In an attempt to improve drug discovery methods, researchers at The Scripps Research Institute (TSRI) have developed a novel screening system that would be both smaller and cheaper than previous methods. “We’ve developed a device that can do the functional equivalent of high-throughput compound screening on an ultra-miniaturized scale,” said Brian M. Paegel, an associate professor at TSRI, and the principal investigator of the study.
High-throughput screening systems used today cost millions of dollars and can take up 10,000 square feet of facility space. The current technology utilizes robotic arms which sample each compound in the library and test its biological activity.

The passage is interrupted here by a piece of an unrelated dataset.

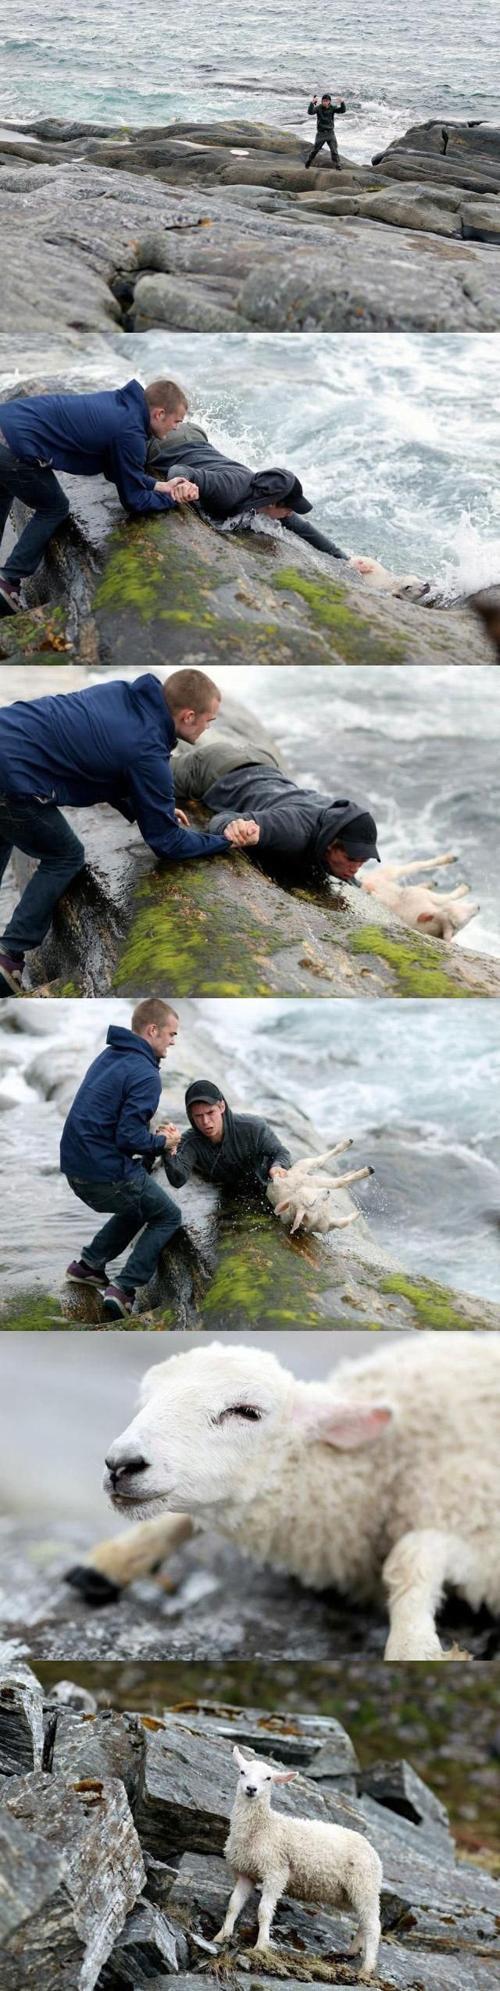 心温まる画像まとめ 海に落ちたヤギを救出

While the current screening systems have the advantage of being almost entirely automated and relatively quick at screening each sample, they are cost-prohibitive for everyone apart from very large pharmaceutical companies or research institutions. The new technique uses “one-bead-one-compound” (OBOC) libraries, in which each compound is individually chemically linked to microscopic beads.
“It is possible to generate an OBOC library of millions of compounds in a week for about $500,” said Alexander K. Price, a senior research associate in the Paegel laboratory, and the lead author of the study. What’s more, the OBOC laboratories have gained in popularity over the past 20 years due to their small space requirements.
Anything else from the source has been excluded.